*Problem details*.
Take from the data every line in which the word "Lysacek" is found.

*Source records*.
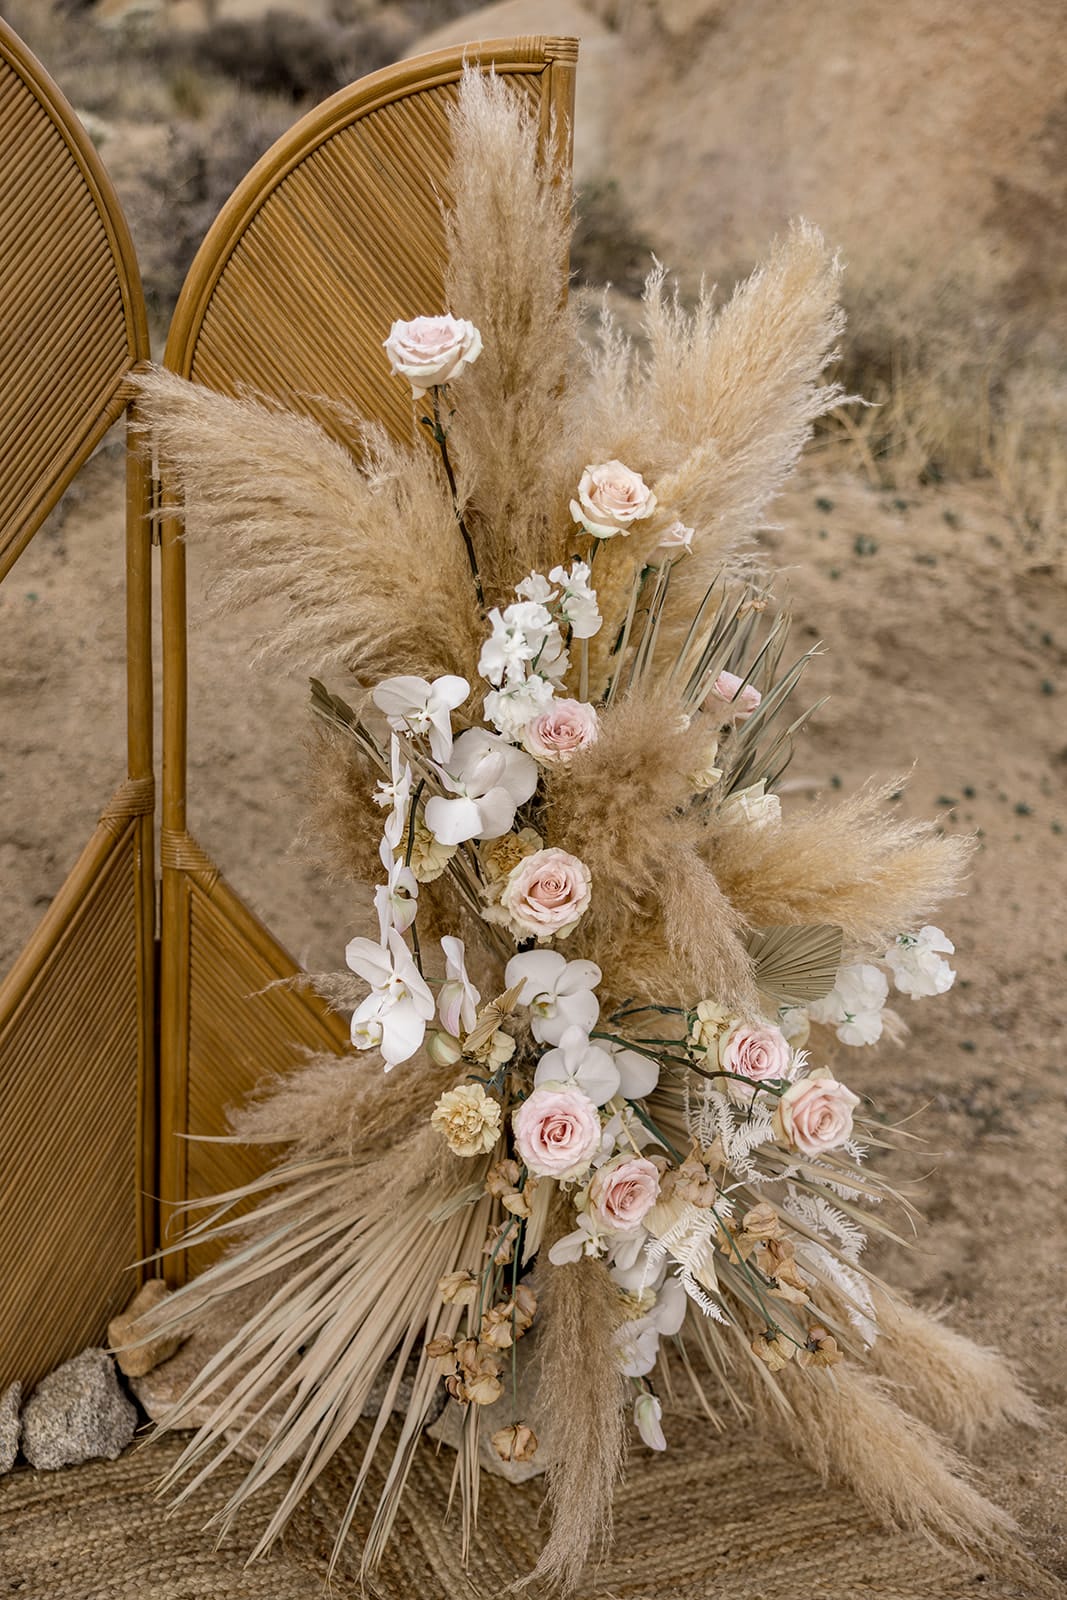 Pampas grass and pink and white colored roses adorn a wedding ceremony arch
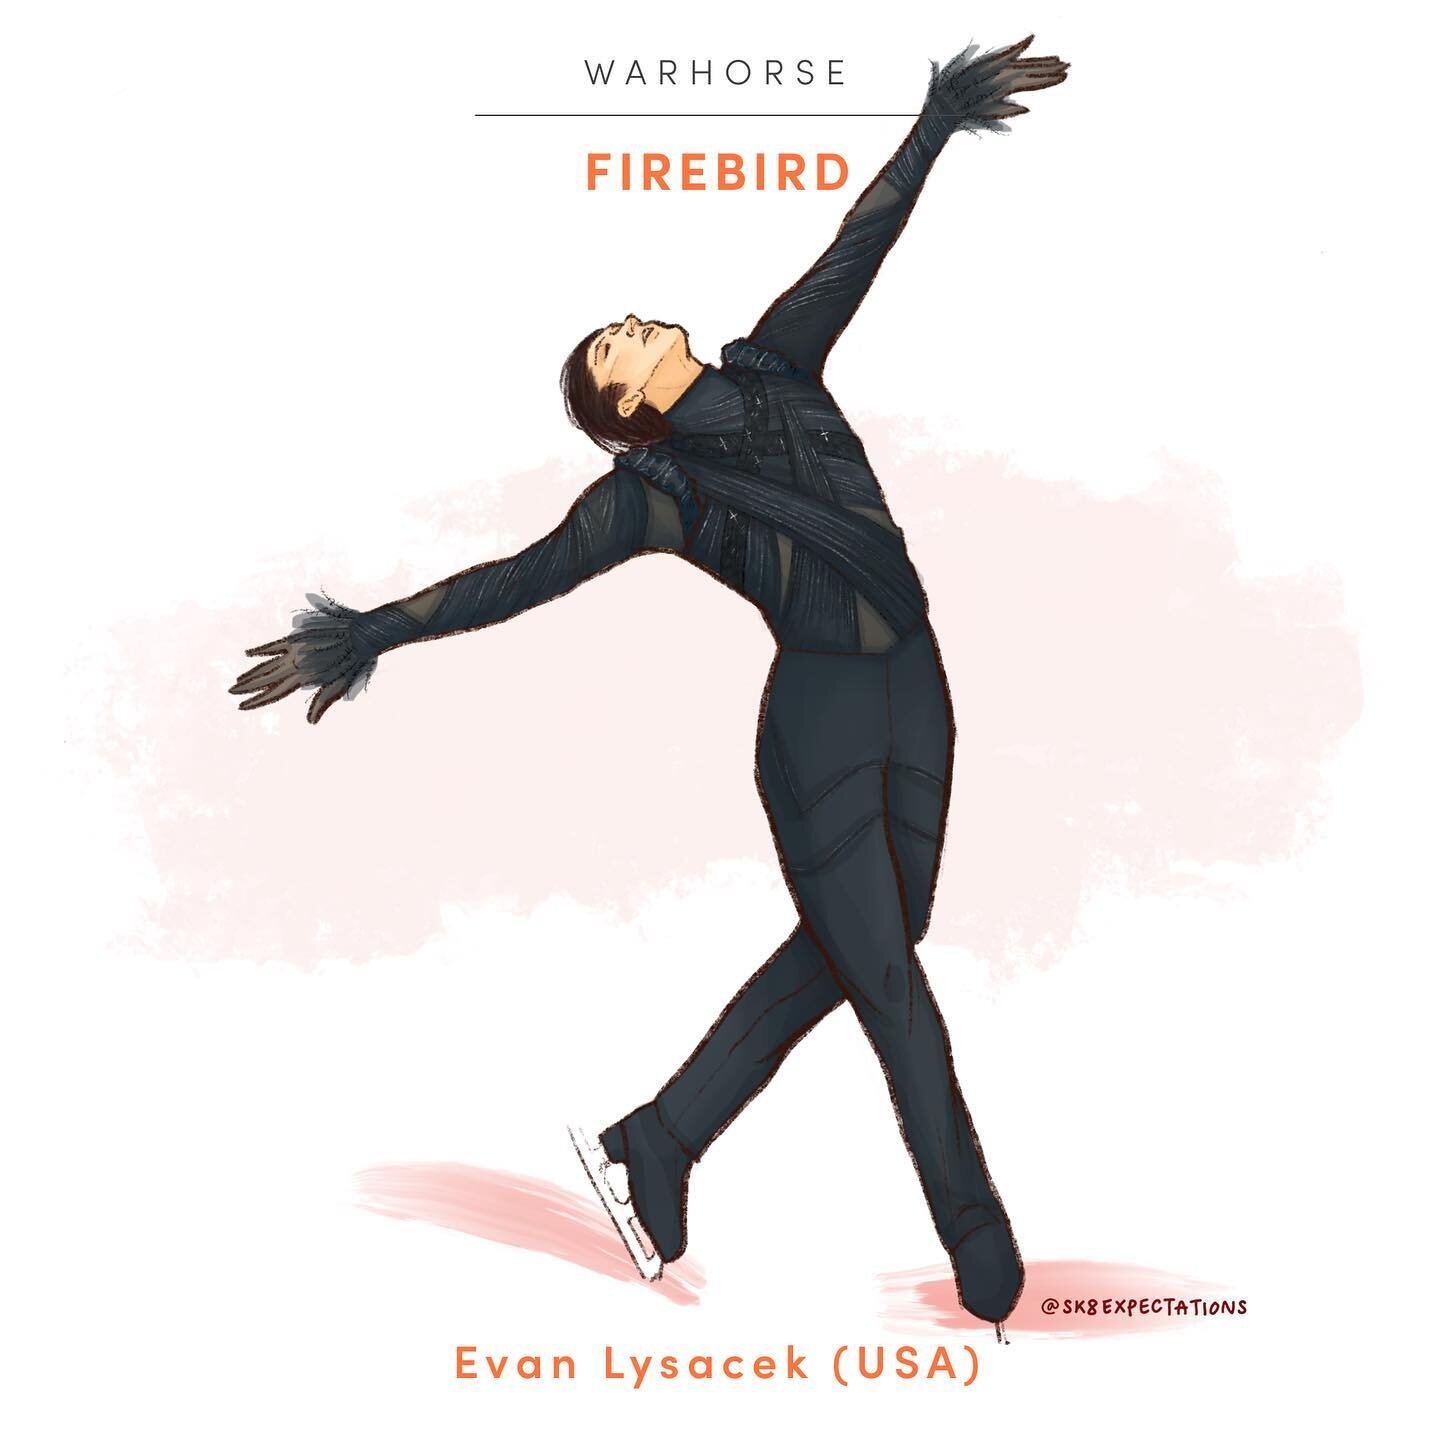 WARHORSE: &ldquo;The Firebird&rdquo; (Igor Stravinsky)
-
HONOURABLE MENTION: Evan Lysacek (USA)
-
2010 Winter Olympic Games, Short Program
-
Choreographed by Lori Nichol 
-
Impeccably well-trained and unflappable amidst a media circus, Lysacek was qu

*Your solution*.
HONOURABLE MENTION: Evan Lysacek (USA)
Impeccably well-trained and unflappable amidst a media circus, Lysacek was qu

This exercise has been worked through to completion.